Среди ночи Густав проснулся весь в липком поту:

– Запрягайте лошадей! Еще час – и я… умру, умру!

Из ночной таверны лошади вертко вывернули карету за ворота. Снова потекли леса, под луною синели сугробы, низко присевшие перед таянием. Левенвольде разбудили в Митаве, но он велел не останавливаться. Митаву он рассматривал через окошко: обитель юности теперь была унылой и печальной; лошади сбежали на подталый лед, быстро вынесли карету на другой берег Аа; впереди раскинулась наезженная санками латышей прямая дорога на Ригу.

Здесь, в Риге, он придержал лошадей. И надел на лицо черную маску из тонкого батиста с прорезями для глаз. Свое лицо ему казалось теперь чужим, и Левенвольде скрывал его… от чужих! За двором Конвента ордена Меченосцев, на узкой улочке, в пропасть которой с высоты глядится Саломея, рубленная из дуба, Левенвольде дернул дверное кольцо и сорвал с себя маску.

– Здесь живет маг и волшебник Кристодемус? – спросил он.

Навстречу вышел толстый человек в домашнем колпаке.

– Увы, – ответил он, – доктор Кристодемус, столь прославленный искусством врачевания, исчез таинственно и странно.

– Жаль! – огорчился Левенвольде, запахивая плащ. – Я чем-то болен, но не пойму – чем? Жизнь, как и раньше, течет, а я не нахожу в ней больше интереса и забавы.

– Я тоже врач, – ответил незнакомец, приглашая гостя внутрь дома. – Позволите узнать, с кем я говорю?

– Я путешественник. Проезжий… через Ригу.

– Вы в зеркало давно смотрелись, проезжий путешественник?

Левенвольде со смехом достал из-под плаща черную маску:

– Я не носил бы это, если б не заметил, что лицо у меня сильно изменилось. Отвратительно толстеют нос и брови, лицо мое хмуро постоянно, даже когда я весел или пьян ужасно.

– А что сказали вам врачи?

– Они все объясняли меланхолией неразделенной любви. Но они, глупцы, ошиблись: я люблю только себя, и эта моя любовь не может быть не разделенной мною же!

Врач сказал Левенвольде, чем он болен, и посол помертвел:

– Проклятье! Впрочем, как же я сам не догадался о своей болезни? Ведь лицо уже не то, что было раньше. Оно приобрело облик льва рассерженного. А это – явный признак…

– Вы были на Востоке? – осведомился врач.

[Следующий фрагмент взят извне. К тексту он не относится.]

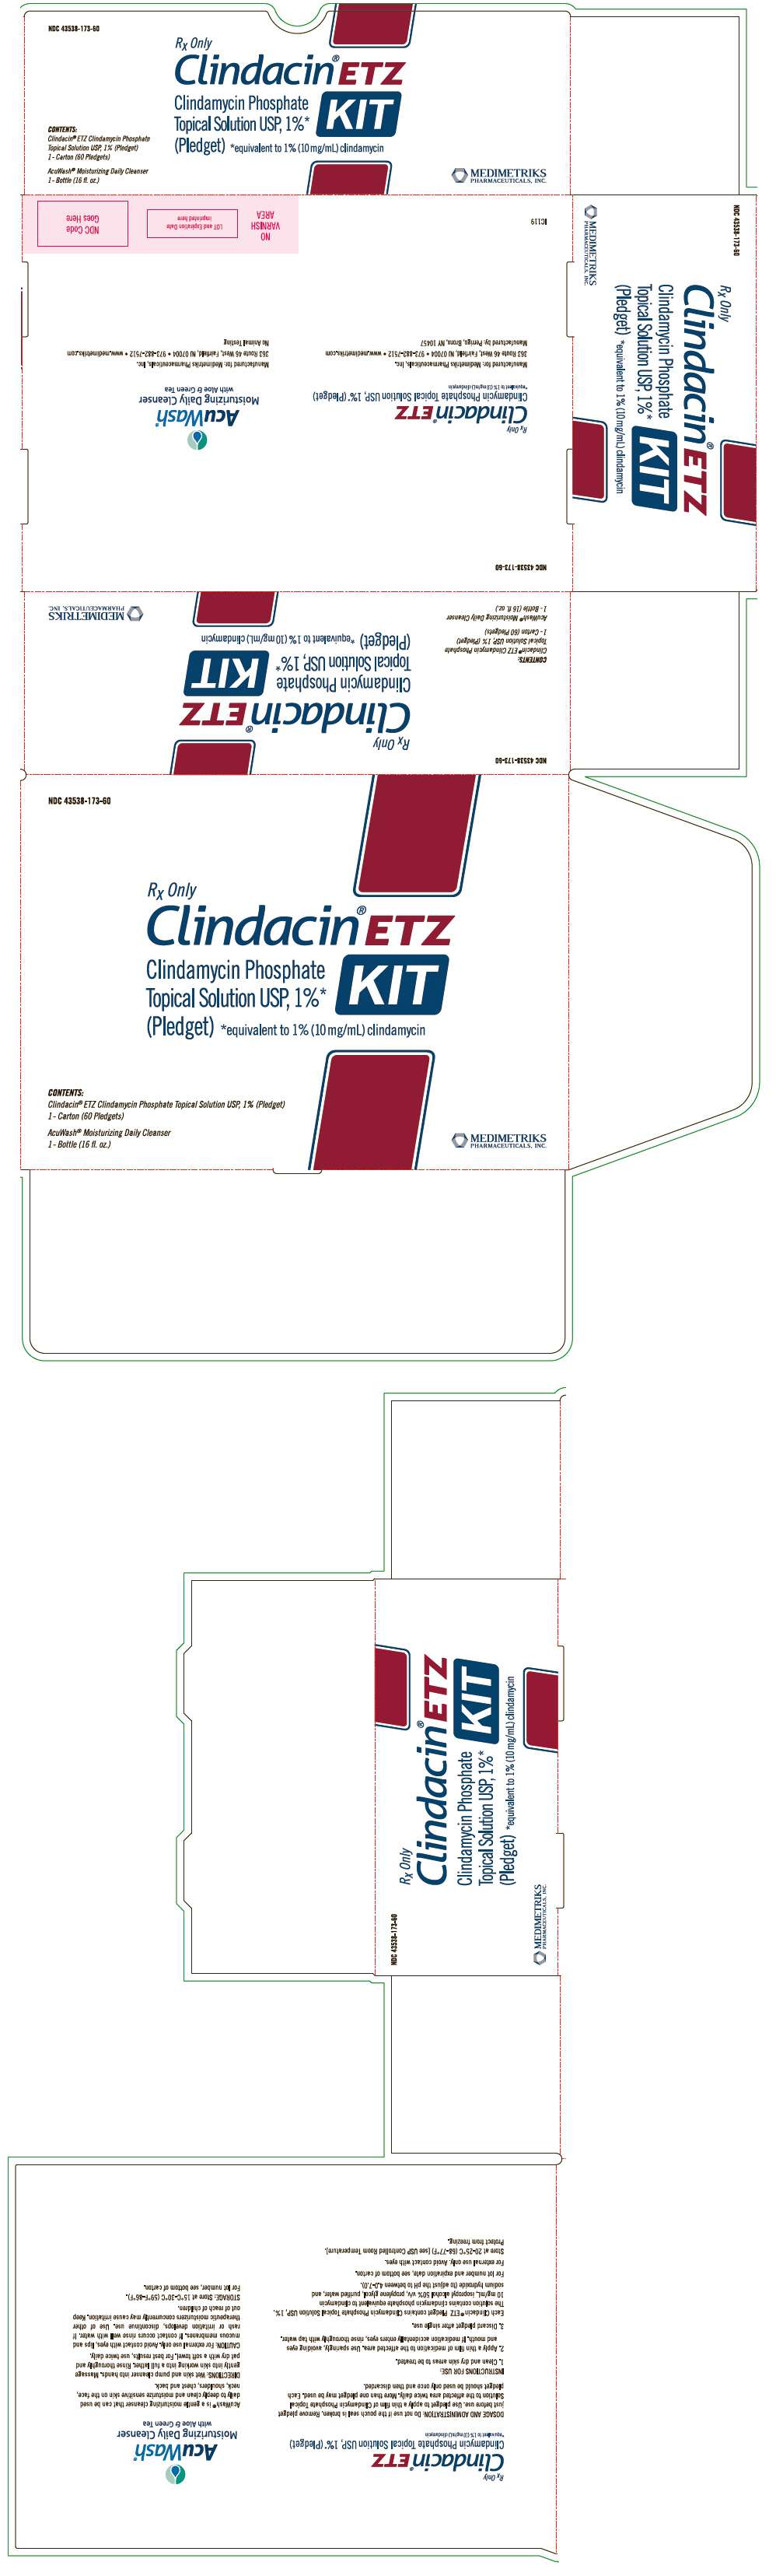 Clindacin ETZ
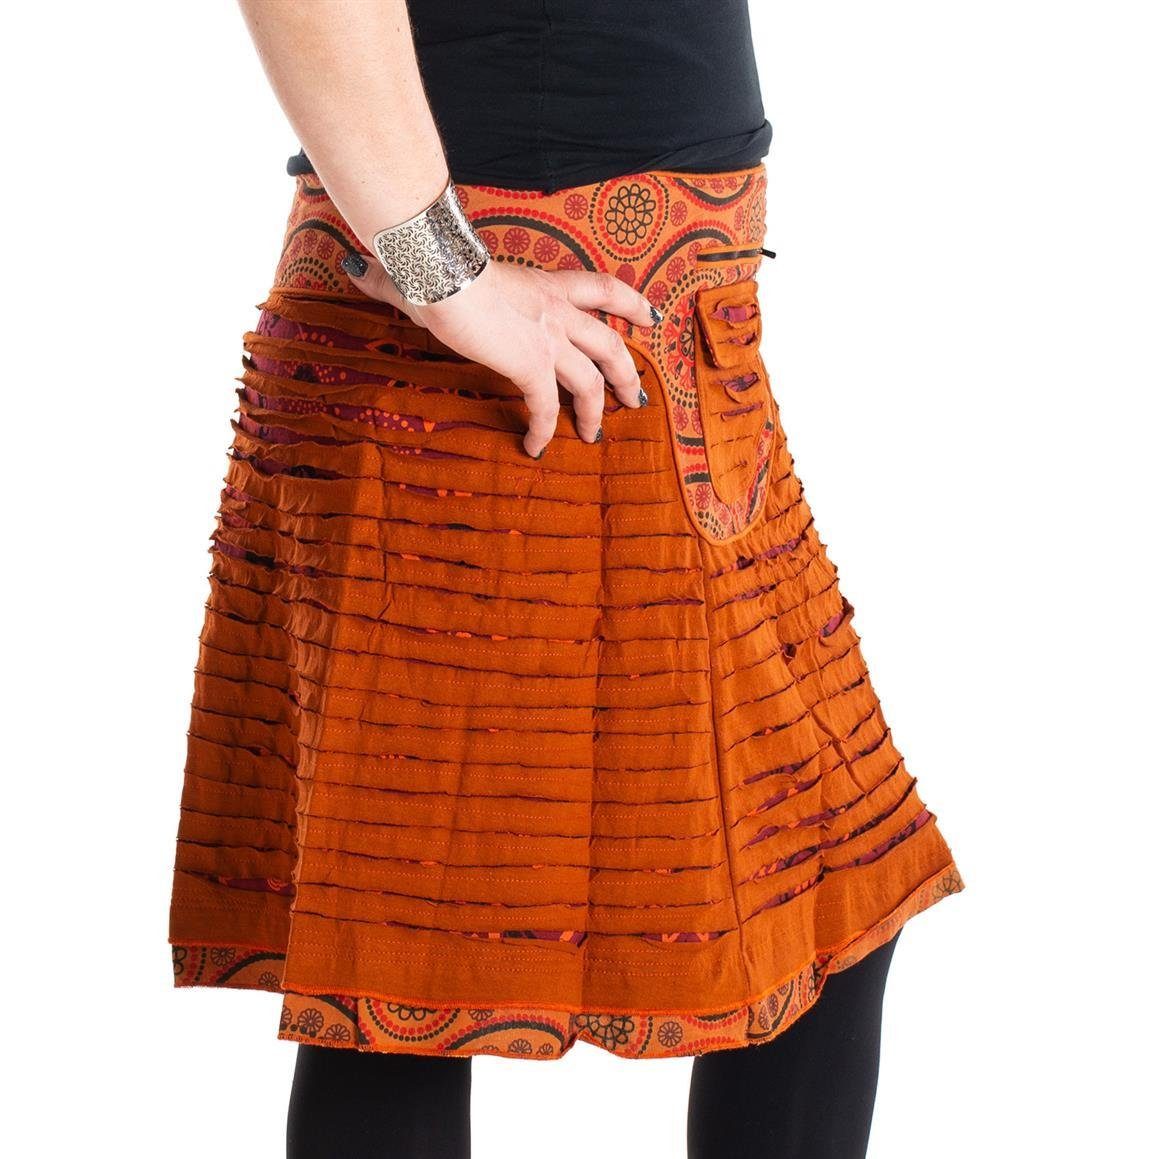 Elfen, Cutwork Wickelrock dunkelrot-orange Goa, Druckknöpfe Blumen Mandala Sidebag Hippie, Style Rock Ethno Vishes

– Нет! – разрыдался Левенвольде. – Виной тому крестовые походы: предки мои еще из Палестины вывезли сюда проказу, и вот… О наказанье божье! От славы предков поражен их славный потомок… Мне ничего теперь не жаль, и менее всего мне жаль теперь себя. Прощайте! Я теперь стал богом, но… прокаженным богом!

С лицом рассерженного льва, двигая бровями толстыми, с трудом волоча слоновьи ноги, Густав Левенвольде вернулся в карету.

– Поехали. На Венден. А оттуда – в Петербург… Отныне стану делать все, что ниспошлет мне бог. Канава на пути моем? Мне лень переплывать ее: согласен утопиться и в канаве. И чем ужасней все – тем все прекрасней… Едем!

«Нужна дорога мне – в дороге легче думать… Как страшен прокаженный мир, и в этом мире – Я! Теперь я стану в этом мире для других самым страшным…»

За Ригою леса сомкнулись, плотно обступая дорогу. Тишина, мрак, оторопь и – вой… «Пускай теперь другие их страшатся. Вперед, вперед, моя карета! Шуми же, лес… вы, волки, войте… а мрак – дави и ужасай. Ничто теперь не страшно Левенвольде!»

– Вон светится последняя корчма, – показал ему кучер. – Дорога опасна от разбойников; может, заночуем? Кажется, кто-то едет навстречу нам… спешит в Ригу.

– Остановись и прегради дорогу им моей каретой.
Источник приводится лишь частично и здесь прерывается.